Remember, every year they have to do a 409A evaluation legally, and anytime there's a fundraising event, they also will do a 409A evaluation. So the reason you want to do this – and this is where sometimes people get quite upset – is imagine you sign the offer, the company raises a monster around tomorrow, um, and then you join the company and your strike price is way higher, or you've been diluted a lot. So the actual percentage of ownership you have is a lot higher. So you don't actually get, you know, what you were promised, and that's honestly an opportunity for leverage and negotiation for you.
Um, but uh, it does happen pretty often, and it's no one's fault; it's just a lack of clarity sometimes in the communication. And then, Jordan, I'm just going to call on a couple of people who wanted to ask the questions live. Uh, Luis, I think you have one question about Compound generally?
Yeah, I was just curious to hear kind of the story behind it, how it got started, what the vision is, what the plan is moving forward. Um, I can give context as to why I'm asking, but just keep it general, right? Yeah, I'd just love to hear more about it.
Yeah, well, I'm materially self-promotional, so we've written all about it; we can share you the link there. Um, but our goal is really just to build the thing we've always wanted. I probably come off a little selfish. I just hate talking to like people who golf all the time when I'm helping with my finances, so our goal is to like help people, um, with their finances, um, really specifically all these startup specific needs. So things like exercising options, investing your money away from an IPO, um, borrowing money, all of that sort of stuff.
But happy to tell you more about it; we've written about it at length as well, and I just passed along a link. Um, as well, and Jack, I think you have one more question?
Yeah, thank you so much. Um, and thanks for the presentation; both of you has been really helpful. Um, my question is just digging a bit more into the, you know, companies which allow you to sell your options pre-IPO. I'm kind of curious, um, how common is it for a company to go all the way to IPO without allowing liquidity for for all their normal employees? Because I hear of, uh, sometimes companies will allow it, but only for very early people or execs. I hear all sorts of different things about, um, just how common it is to allow that, and I have talked with other friends at later stage startups who say, "Yeah, it's very normal that they just allow you to sell once you're at some certain stage in the development." So if you could speak a bit about the norms or, uh, just how common this is, uh, that'd be really great to know.

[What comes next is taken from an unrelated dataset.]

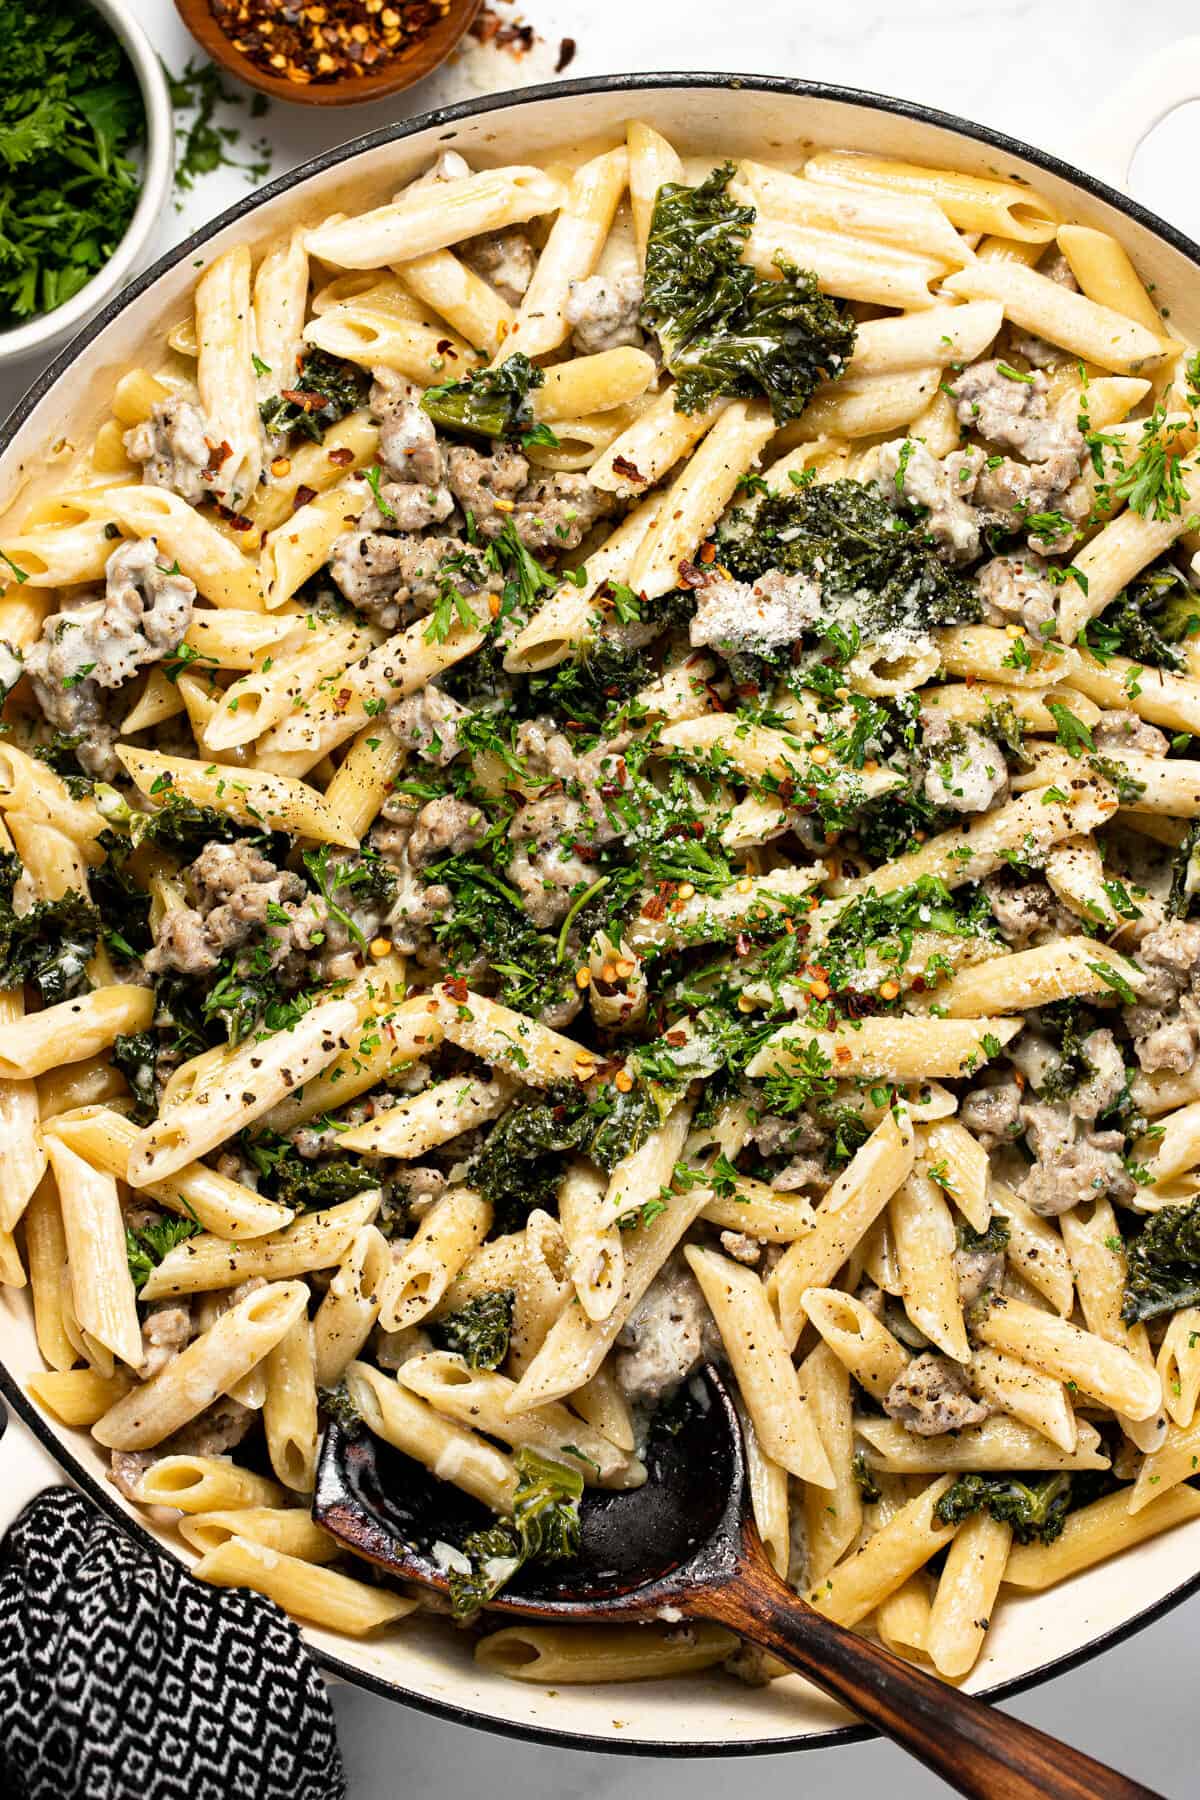 Large white pan filled with Italian sausage and kale pasta garnished with parsley

Yeah, great question. Thanks, Jack. And one kind of nuance there, you actually can't sell options, right? So you could only sell options that you've exercised. The reason this matters, I know I'm nitpicking, I am that type of person. The reason this matters is because if you are in a situation where you can sell but you haven't exercised any of your options, you will then be forced to exercise and sell your options at the same time.
It's what they call it a public company, a cashless exercise. This isn't terrible, but what ends up happening is if you remember the delta between the time you exercise and the time you sell is less than one year, right? So you owe ordinary income tax, which is not as good of a tax treatment at the time of exercise. So anyways, that is just one kind of nuance to point out.

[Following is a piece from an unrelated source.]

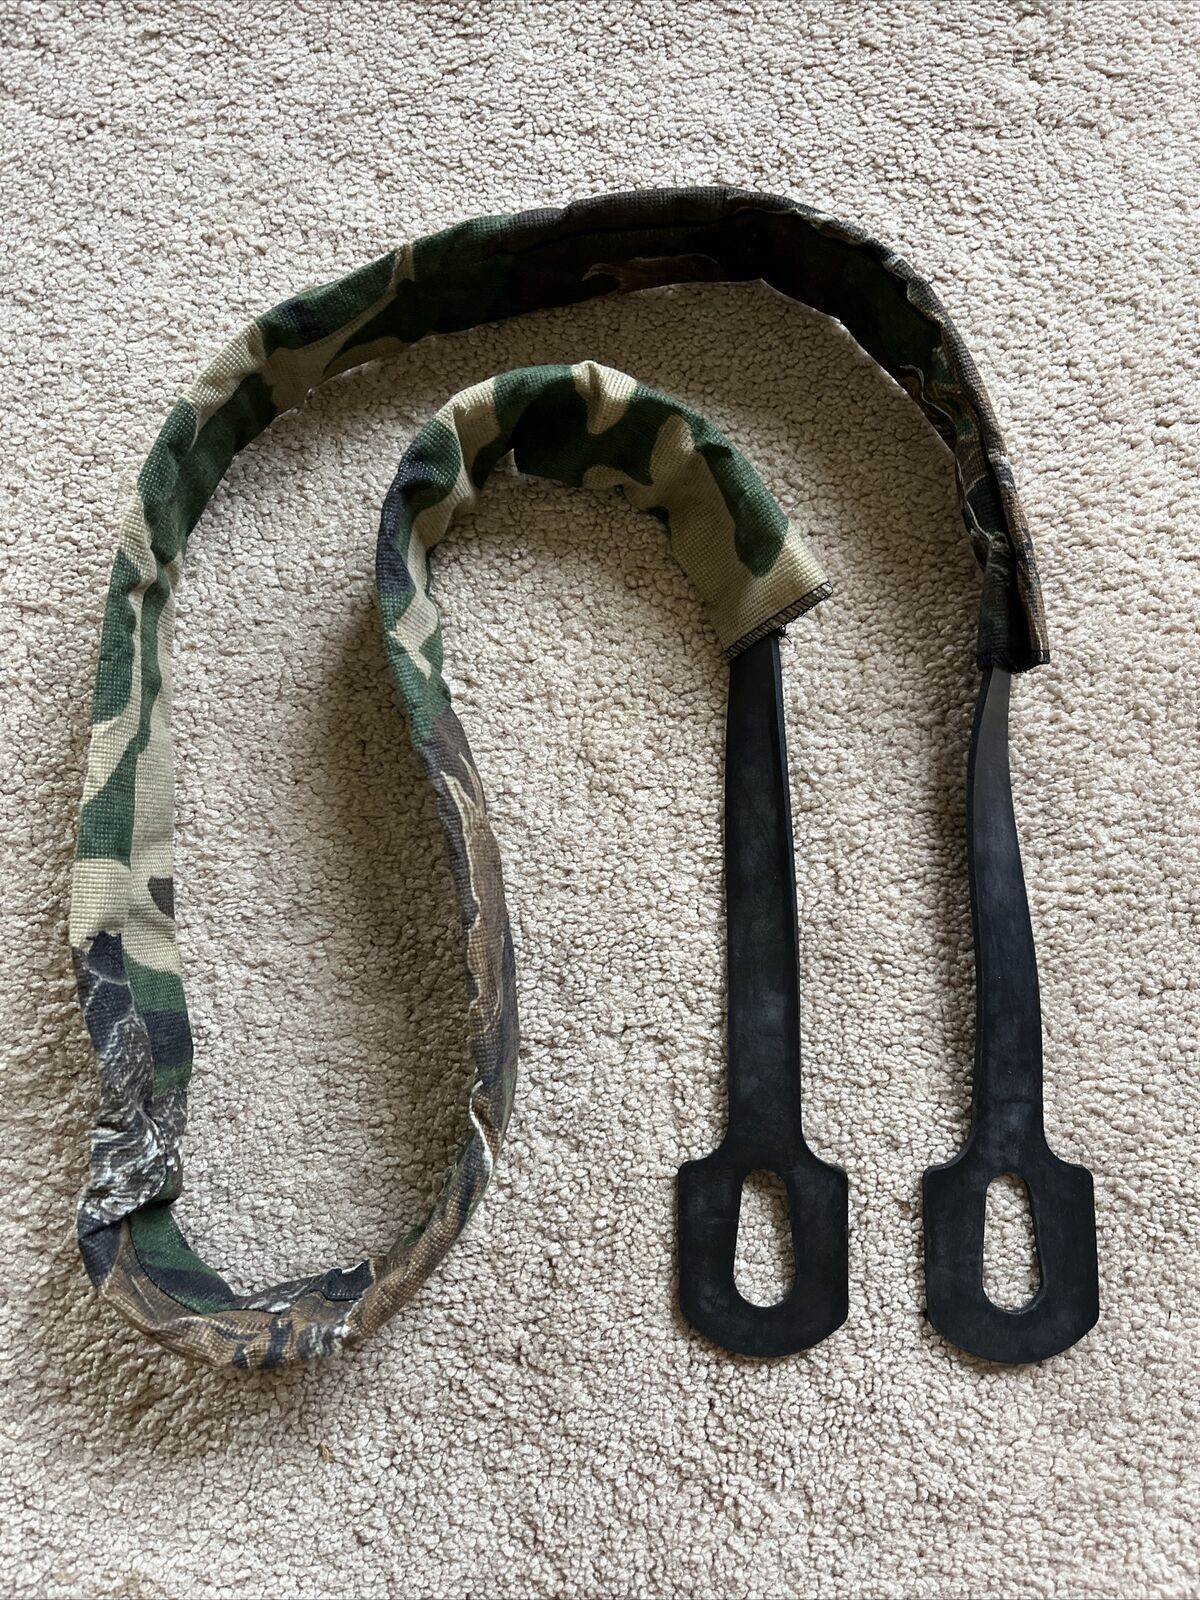 NEW Quick Shot Hunting Rifle Gun & Compound Bow Carrying Loop Sling CAMO USA

Um, as far as how common it is, well, I'll tell you if you ask a Series A founder and you say, "Yo," don't say yo, but if you say, "Hey, are you going to, um, issue equity to liquidity to our employees?" most of the time I think they have no idea what they're talking about because they run a Series A company and they've never been at Series D.
So you could, you can kind of get an idea for their philosophy, but they may not understand the implications of giving out liquidity in the coming years. So I would, if you're interested in that stage company, it's very hard for them to predict the future because they don't really know the nuance around it.
I will say, generally speaking, as companies grow to Series D, E, and beyond, and obviously those are somewhat arbitrary benchmarks, but, um, we are seeing more and more of them offer liquidity. There are more and more startups helping startups offer liquidity, um, but the nuance check that you point out is why do people only offer it to early employees?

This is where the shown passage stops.